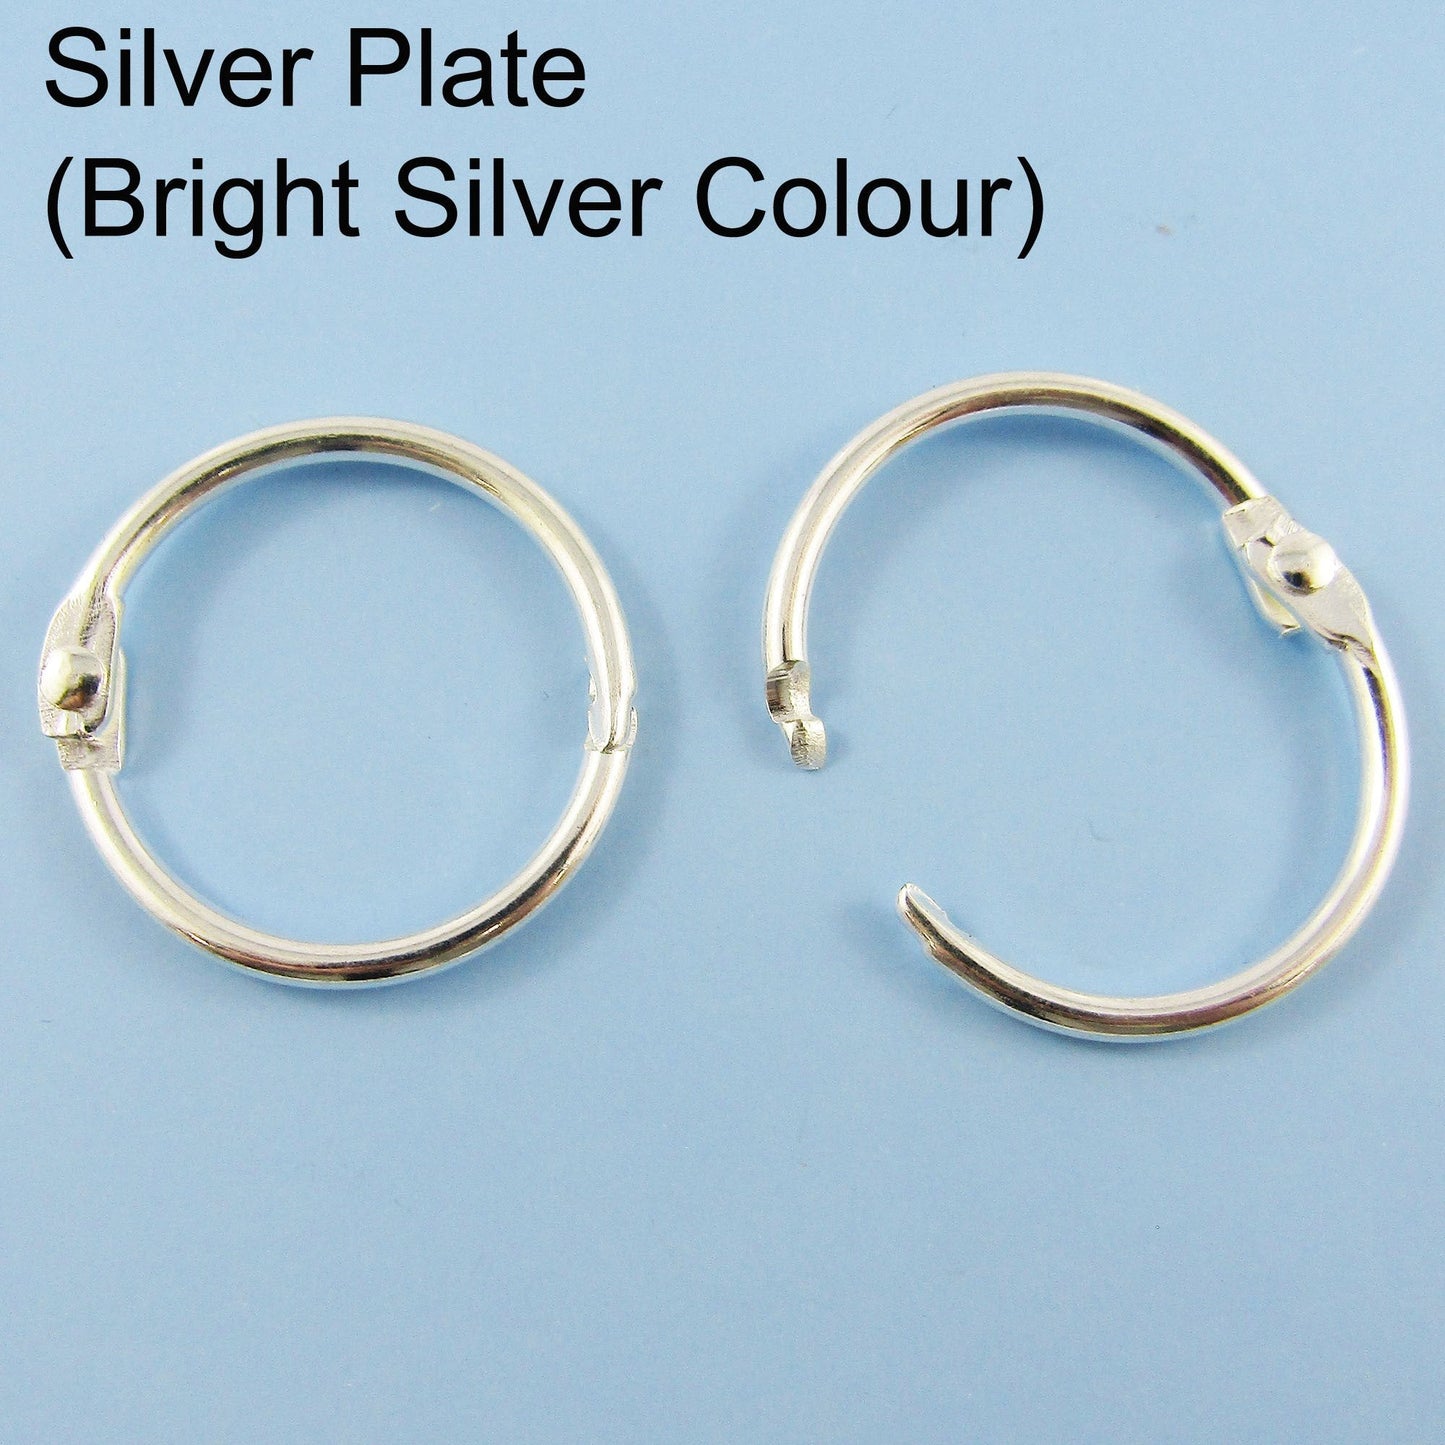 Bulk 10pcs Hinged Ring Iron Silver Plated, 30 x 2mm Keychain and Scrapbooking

...

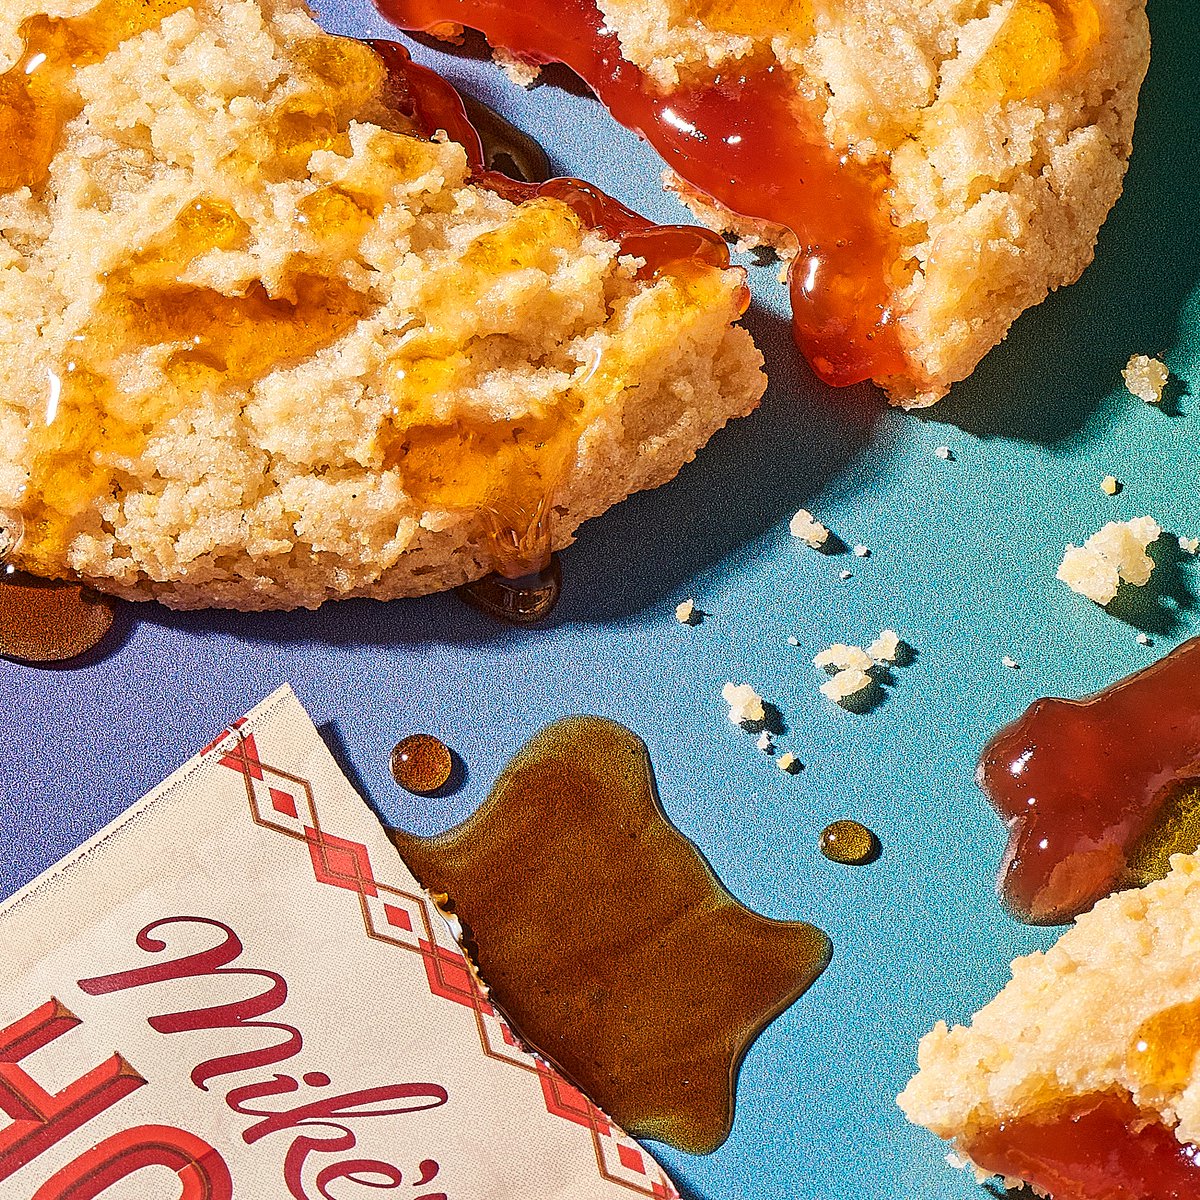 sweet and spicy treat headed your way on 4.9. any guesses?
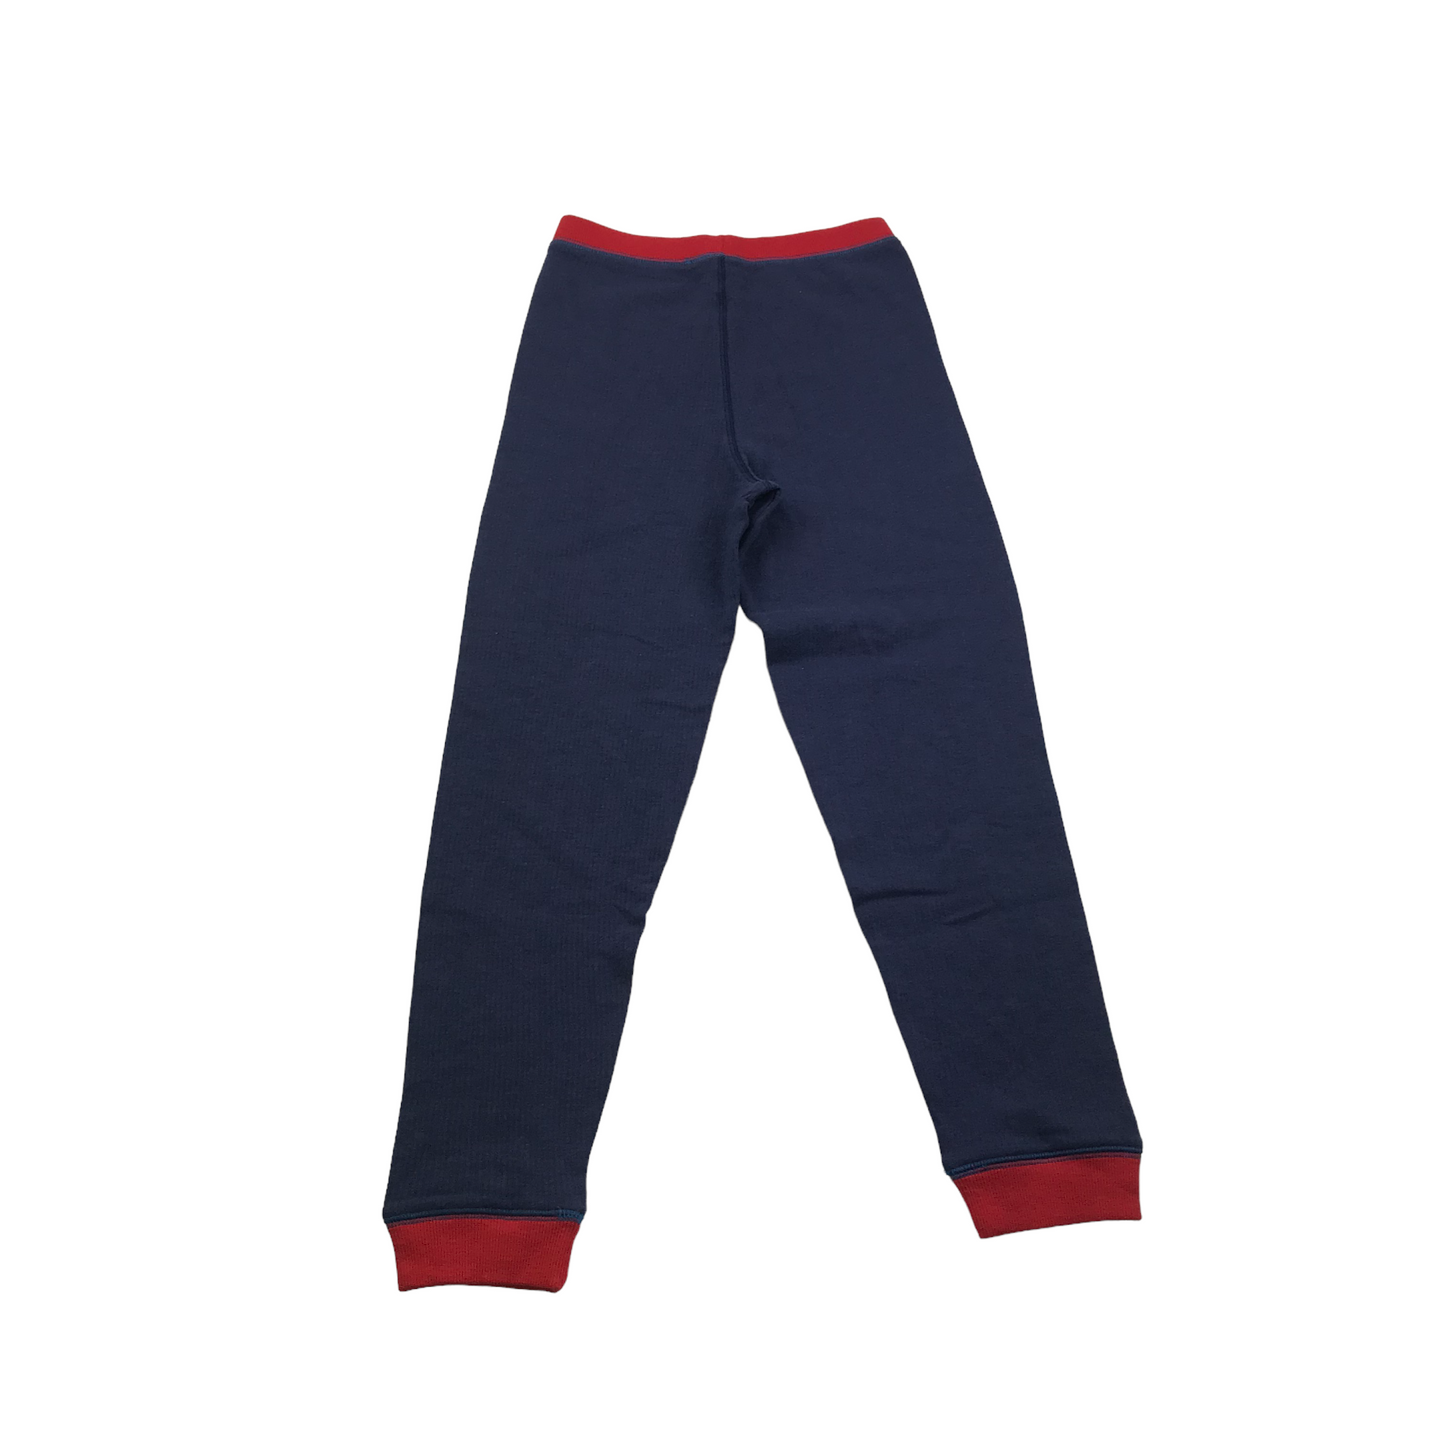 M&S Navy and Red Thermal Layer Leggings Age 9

## What you need to do
Above are some records. Output exactly the lines from the one that contains "sweet and spicy" to the one that contains "M&S Navy and", keeping both, and omit the pictures.

## Answer to the exercise
 sweet and spicy treat headed your way on 4.9. any guesses?
 M&S Navy and Red Thermal Layer Leggings Age 9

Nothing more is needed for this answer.